Fascinating think-aloud interview study with novice programmers using GitHub Copilot and ChatGPT to do a simple programming task. Half the subjects, who knew what they wanted and had a rough idea of strategy, did quite well. Half, however, struggled greatly: they were derailed by constant interruptions from Copilot offering suggestions, sidetracked by suggestions that actually solved a different problem, got stuck in misunderstandings of the task and couldn’t get un-stuck, and so on. Most ultimately finished the task, but slowly. They conclude: “From the evidence presented above, it appears that most of these ten who struggled thought they understood more than they actually did. The patterns of behavior above describe how participants were often led along by GenAI such that each step was able to be rationalized as understanding, making it even more difficult for participants to assess their own learning.” They caution that studies saying novice programmers self-report finding AI useful may be misleading, because their own interviews show students being derailed by it and then claiming it was helpful, perhaps because the students don’t have the metacognitive skills to recognize the result was wrong.

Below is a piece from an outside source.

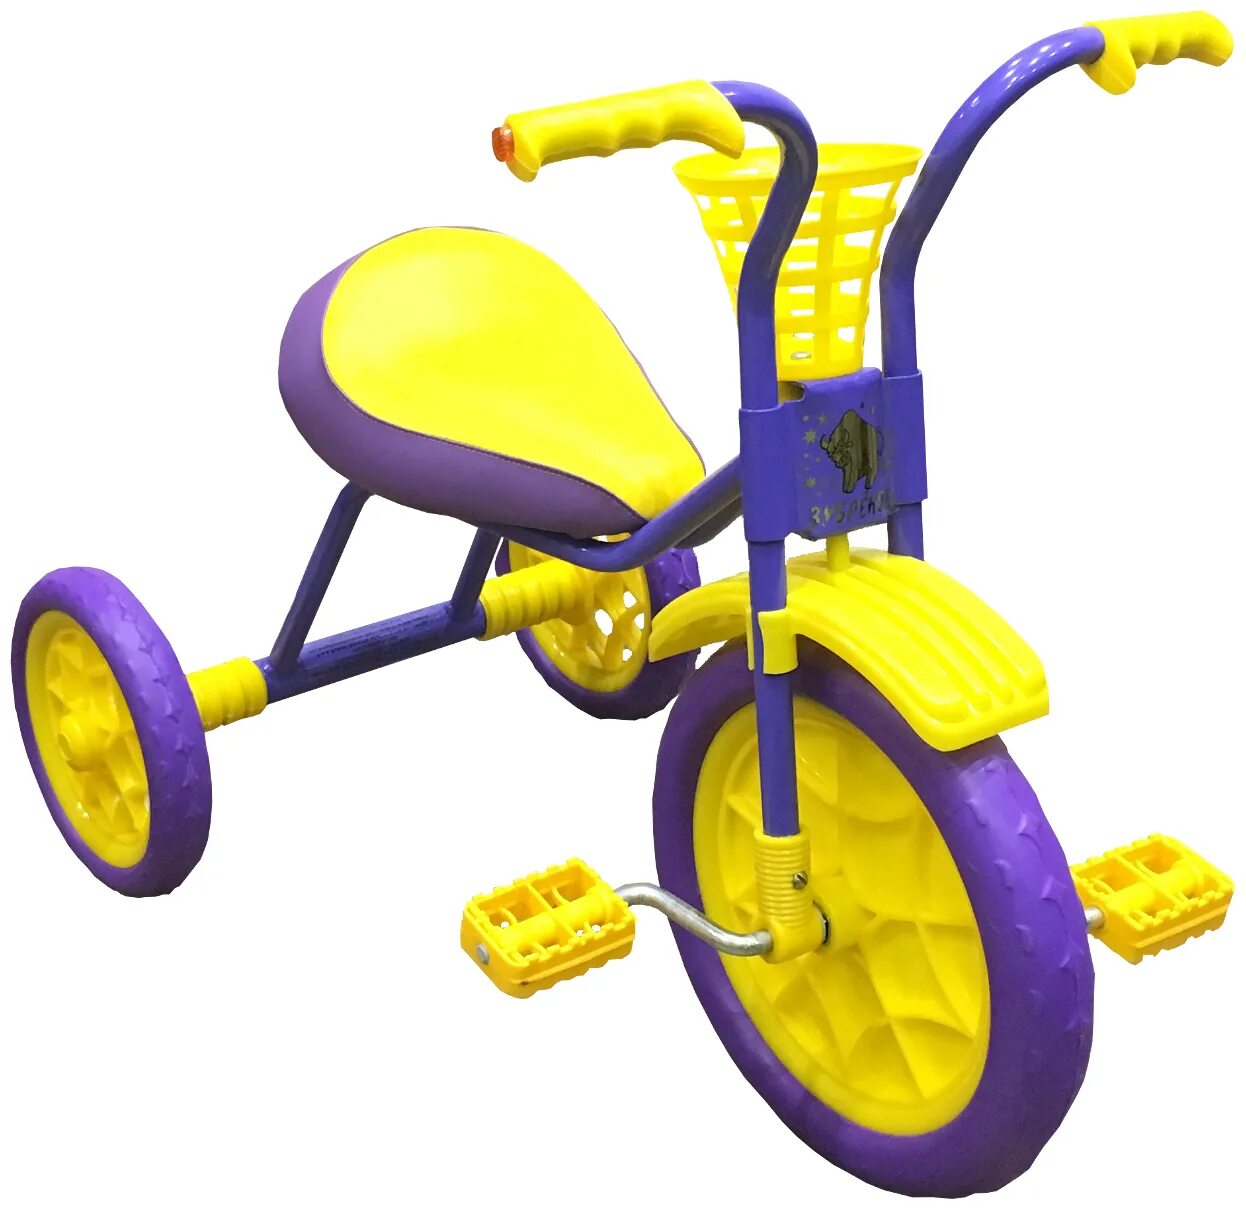 Трехколесный велосипед купить минск. Велосипед Зубренок трехколесный. Велосипед TCV 083470 трехколесный. Cuty Raid 2023 велосипед трёхколёсный. Трехколесный велосипед Ocie c201-2.

Thorgeirsson, S., Ewen, T., & Su, Z. (2025). What can computer science educators learn from the failures of top-down pedagogy? In Proceedings of the 56th ACM Technical Symposium on Computer Science Education (Vol. 1, pp. 1127–1133). doi:10.1145/3641554.3701873

Creates a dichotomy of teaching approaches: bottom-up approaches start with the basic core skills and work up to integrate them, while top-down approaches start with the overall goal and work downward. Phonics, in which children learn to read by practicing sounding out individual words and then progressing to whole sentences, is bottom-up; whole-language reading, where students start reading entire sentences early and guess how to read unfamiliar words from context, is top-down. Whole-language reading was trendy until recently, but it turns out that all the empirical evidence suggests it doesn’t work. The authors worry that “approaches that rely heavily on large language models (LLMs) or ‘prompt programming’ run the risk of being the computer science equivalent of whole language, focusing heavily on end results without understanding the underlying mechanics”. They review several studies, including some cited above, that top-down LLM-based approaches may leave students with weak metacognitive skills. But, they note, the other part of education is engagement and motivation – whole-language reading is much more fun for teachers, because they get to read stories instead of sounding out words; and LLM-based education might be more fun because of the fancy new technology. And you can’t pick a pedagogy without considering whether it will motivate students and teachers.